The Return of Homecoming

As the activities shut down by Covid-19 last year begin to make a return, the annual homecoming dance and football game at Woodbridge returns, this time with changes


Ruby Yang

Sophomores Rose Roh and Sophia Thayer-Pham teach the class of 2024 their homecoming halftime show skit.

As Warriors begin to see a light at the end of a long and dark tunnel that was Covid-19, the activities shut down by the pandemic last year begin to make a return. The annual homecoming dance and football game at Woodbridge High are officially back, this time with changes. 

Football Game

Woodbridge High welcomed back one of its longest running traditions, the homecoming football game and dance, after Covid-19 limitations stopped the events last year. Bright lights and vibrant signs filled up University High’s football stadium on the October Friday night as stampedes of Woodbridge High students, dressed in their class colors: seniors in blue, juniors in green, sophomores in black and freshman in white, poured into the bleachers of University High. 

“The student body is super supportive of football and it’s amazing. The culture we have built around the football program is great,” senior and varsity football player Sajun Napolly said.

 And this enthusiastic culture Napolly expresses is evident at the games, as screaming students risk the loss of their voices and energy to cheer on their team and show school spirit, bodies smothered in colored paint and glitter, with game faces on.

“The homecoming game [compared to others] is definitely a lot more hyped up.

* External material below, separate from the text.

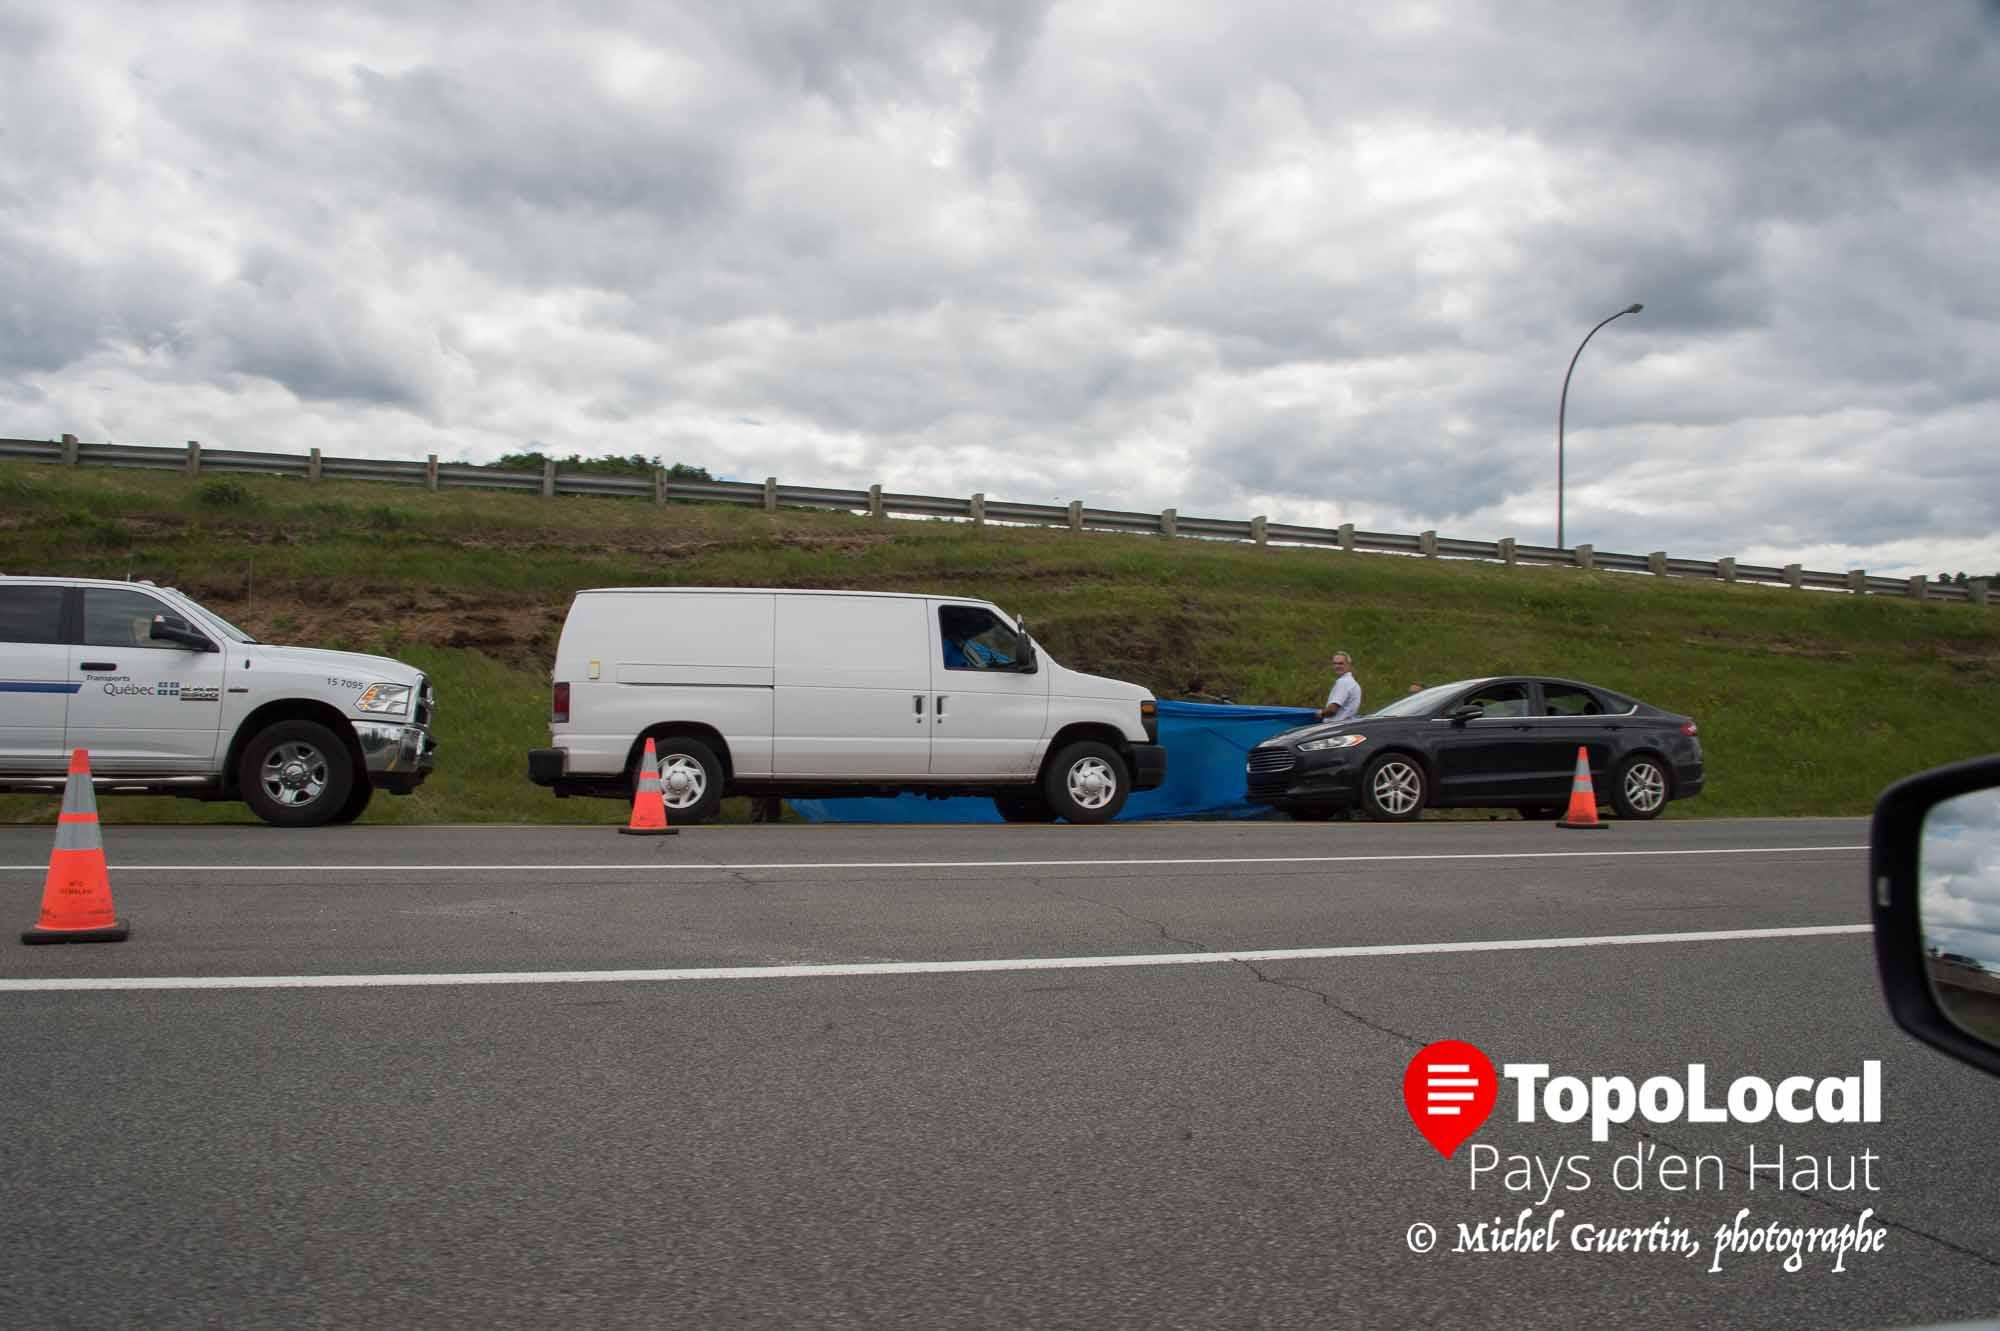 20160623-sainte-agathe-accident-autoroute-morts-incendie-2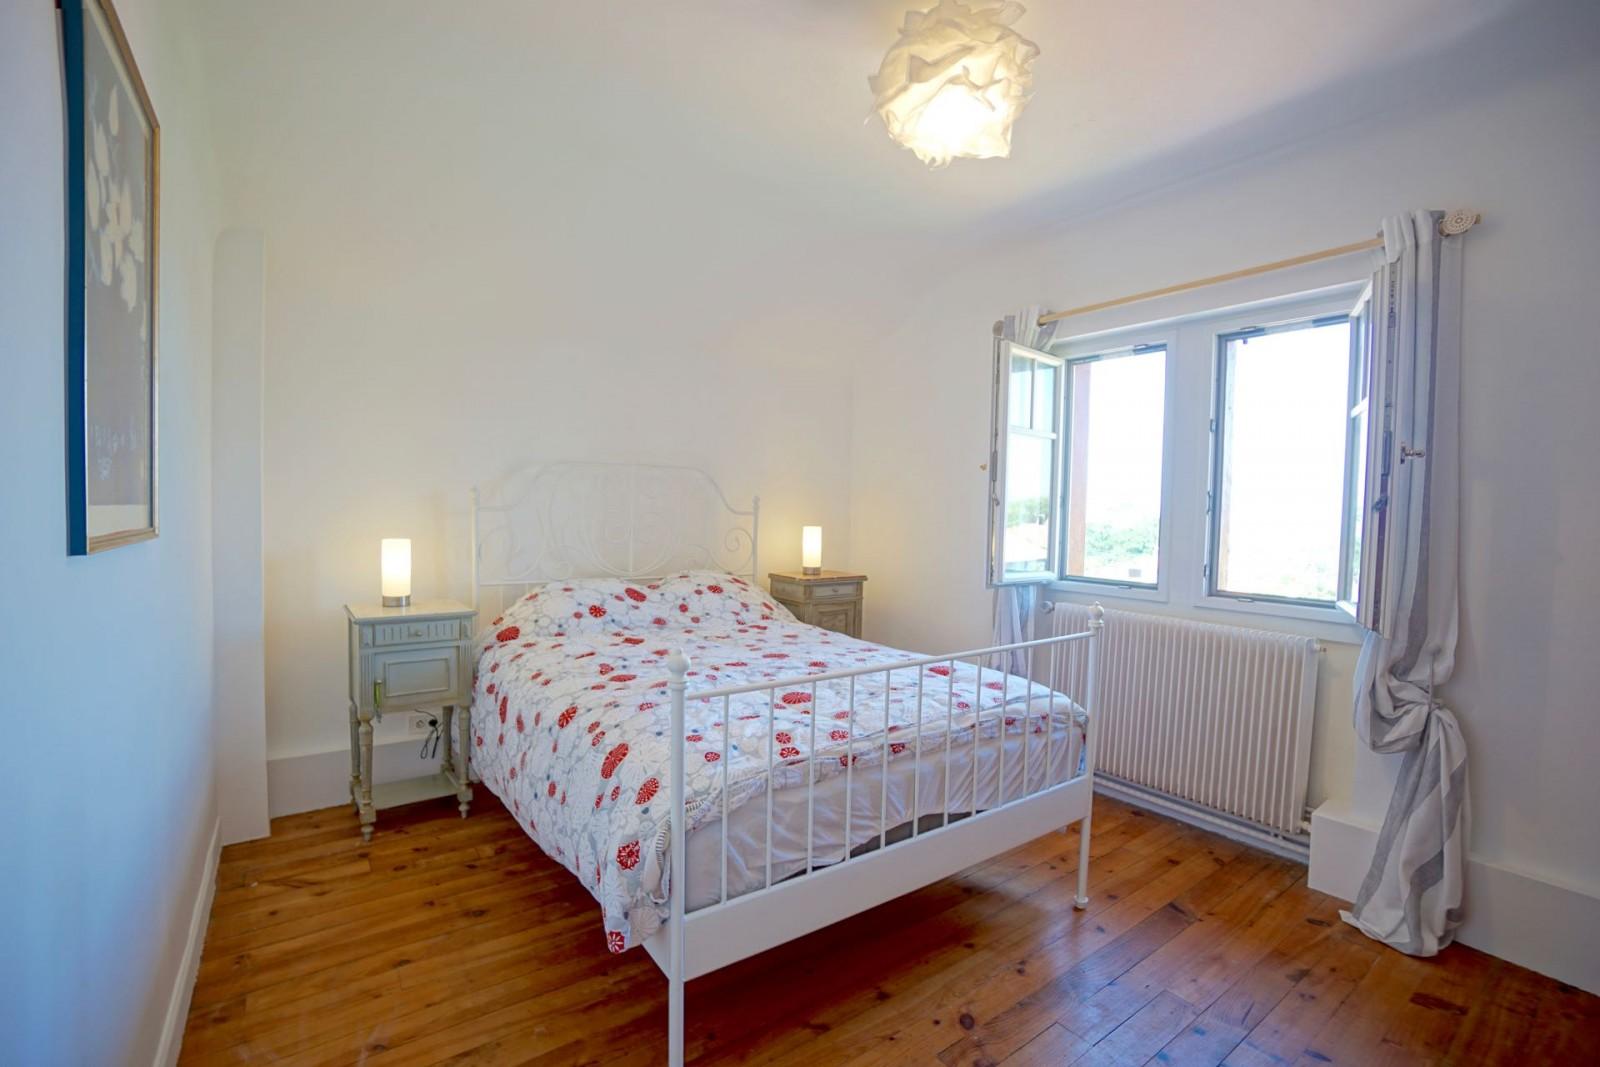 #703E15 VILLA DE CHARME PLAGES A PIED Agence OLAIZOLA  2893 plage de la petite chambre d'amour anglet 1600x1067 px @ aertt.com

There’s a lot of pressure for us as athletes to win because we are representing the school,” Napolly said.

Junior and varsity football player Daniel Goodrich agrees.

“There is a lot more attention around the homecoming game compared to a normal game and more pressure to win,” Goodrich said. 

Although the Warriors took a loss against Northwood with a score of 13-35, ultimately the energy and uplifting comments from the student body made the night feel like a win. 

“The feeling is unlike anything else. When they are cheering your name or number, it’s the best feeling on earth,” Napolly said. 

Homecoming Skit and Crowning Ceremony

The seniors take Woodbridge through the tropics with their homecoming skit. (Ruby Yang)

At halftime, groups of all classes gathered in the middle of the football field to perform their homecoming skits. Each class followed their set theme: freshman’s snow, sophomore’s space, junior’s safari, and senior’s tropical.  Students gave it their all on the field dancing and singing in preparation for the homecoming dance to come. Senior class president and homecoming court nominee David Han shares why he believes homecoming skits are such an important tradition. 

“It brings the Woodbridge community together specifically through the homecoming skit. This allows for students in the same class to feel connected through learning a collaborative dance together,” Han said.

The halftime show continued over as the dazzling red carpet was laid out in the middle of the football field in preparation for the crowning of Homecoming king and queen. Seniors Sam Brown and Kimberly Nguyen took the crowns home. 

“Words cannot convey how grateful and honored I felt to be nominated for homecoming court and elected as the homecoming king. It provided me with the opportunity to represent all of the student leaders on campus who devote their time to both their academics and extracurricular activities,” Brown said.

Homecoming Dance

The homecoming dance was filled with fun activities, including a free ice cream truck. (Ruby Yang)

Although the excitement from Friday’s game began to loosen up, the weekend’s fun was far from over. As the sun set on Woodbridge High Saturday, Oct. 23,  Laser lights and deafening party music flooded the once empty campus, as eager students entered in excitement for the annual homecoming dance. 

“The dance is a way for students to all have fun, which also improves the overall campus life,” said Han.

And Brown agrees, saying the student body’s involvement was much more evident this year.

“As it was everyone’s first big event since coming back from quarantine, there was definitely more involvement with the amount of people showing up,” Brown said. 

Some students felt disappointed last year when it was announced that events throughout the year had to be cancelled due to the pandemic. However, Han shares how he thinks the limitations on gatherings last year adds to the anticipation events this year, by adding excitement.

“The dance creates an atmosphere of excitement for the students, which had many people hyped especially this year because of the lack of dances last year,” Han says. 

As the long period of isolation due to Covid-19 begins to come to a close, events like homecoming which once seemed unattainable are making their long awaited return. 

“Despite homecoming week being very different this year due to Covid, I think we did a great job matching the energy we had in prior years and bringing in new ideas,” Brown said.